AUC vs. DUC
In 2024, the terminal AUC was -12.2% (or -12.99 €2017) lower than the planned DUC. This results from the combination of significantly higher than planned TNSUs (+10.7%) and lower than planned terminal costs in real terms (-2.9%, or -2.8 M€2017). It should be noted that the actual inflation index in 2024 was +13.5 p.p. higher than planned.
Terminal service units
The difference between 2024 actual and planned TNSUs (+10.7%) falls outside the +10% threshold foreseen in the traffic risk sharing mechanism. The resulting gain of additional terminal revenues is therefore shared between the ANSP and the airspace users (see the main ANSP gain in Box 11).
Terminal costs by entity
The 2024 actual real terminal costs are -2.9% (-2.8 M€2017) lower than planned. This is the result of lower than planned costs for the main ANSP, ENAIRE (-3.5%, or -3.3 M€2017) and the MET SP (-1.3%) and higher than planned costs for the NSA (+30.1%, or +0.5 M€2017).

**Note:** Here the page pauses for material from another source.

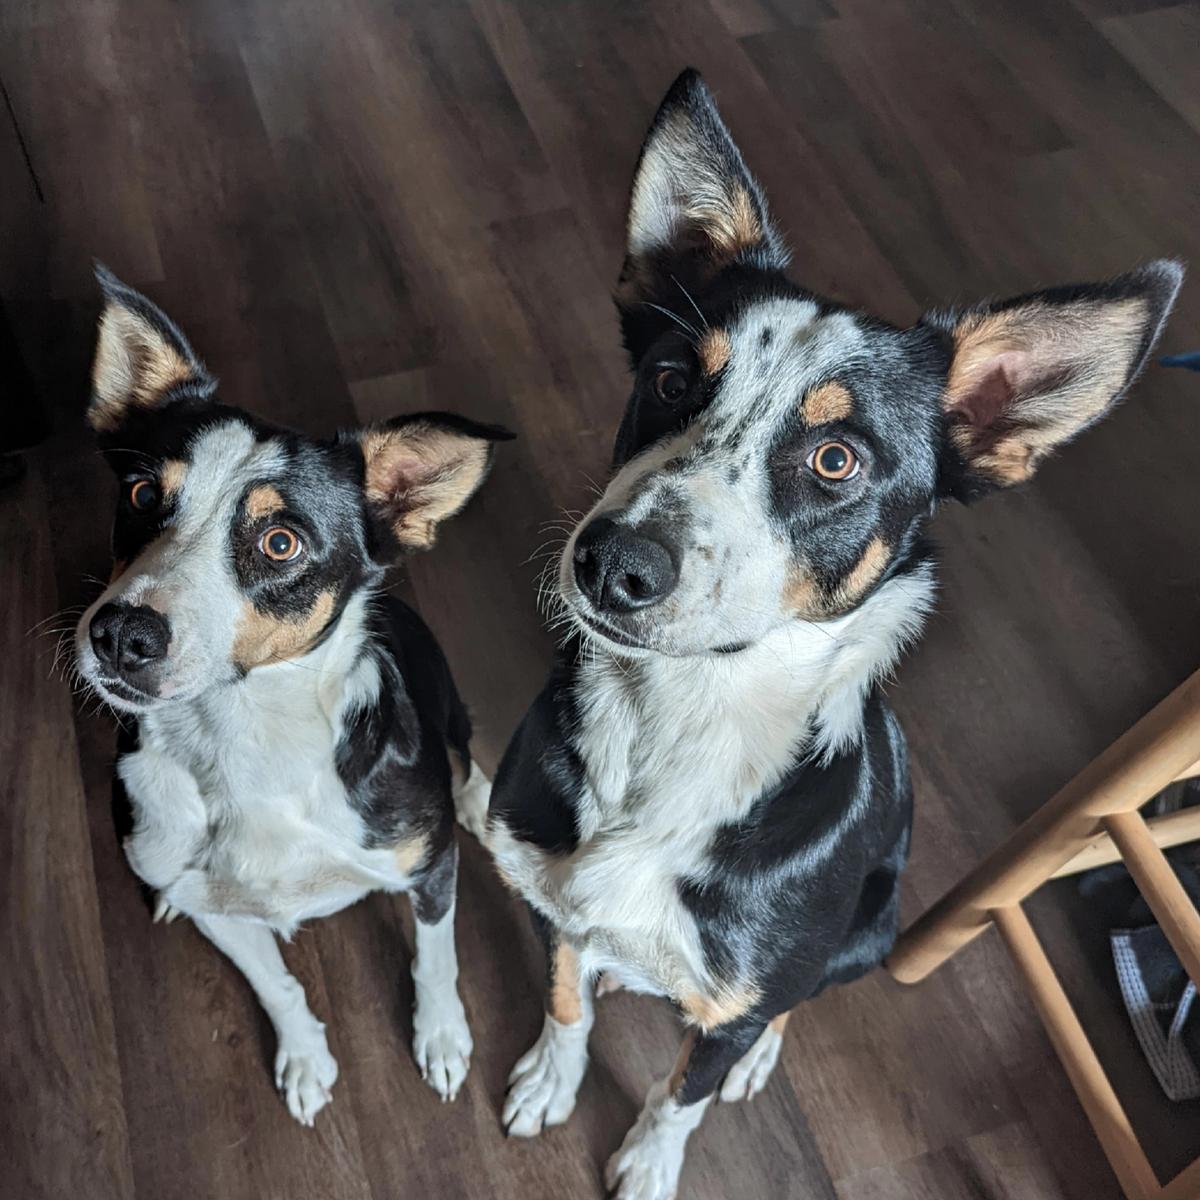 2 Crazy Dogs's images

Terminal costs for the main ANSP at charging zone level
Lower than planned terminal costs in real terms for ENAIRE in 2024 (-3.5%, or -3.3 M€2017) are affected by the impact of inflation index (+13.5 p.p.) since, in nominal terms, the costs were slightly above planned (+7.6%). The variation in real terms results from:
- Slightly lower than planned staff costs in real terms (-1.3%), although higher than planned in nominal terms (+11.0%), mainly due to “(…) obligations derived by national laws on Public Employees salary and on Social Security Scheme National Law, (…)”Special Active Reserve” introduced by a national Law 26/2022 of 19 December (…) Judgment 1225/2024 of 30 October 2024, from the Supreme Court (…), in which ENAIRE (has) to pay 12.1 M€ outstanding salaries to air traffic controllers (….) for year 2024”,
- Significantly lower other operating costs (-19.8%), mainly due to “cost containment measures (…) across all categories of expenditure (…)”,
- Significantly lower depreciation cost (-18.0%), mainly due to “a lower percentage of asset base cost allocation in the TNC charging zone (…)”,
- Higher cost of capital (+3.3%), mainly due to a “higher WACC rate (5.69%)”.
RP3 summary
When considering the whole of RP3 (2020-2024) for Spain terminal charging zone, actual TNSUs are +4.4% higher than planned, while actual costs in real terms are -1.3% lower than the determined costs (some -6.6 M€2017). As a result, the weighted average actual unit cost over RP3 (133.12 €2017) is -5.5% lower than planned in the PP (140.92 €2017).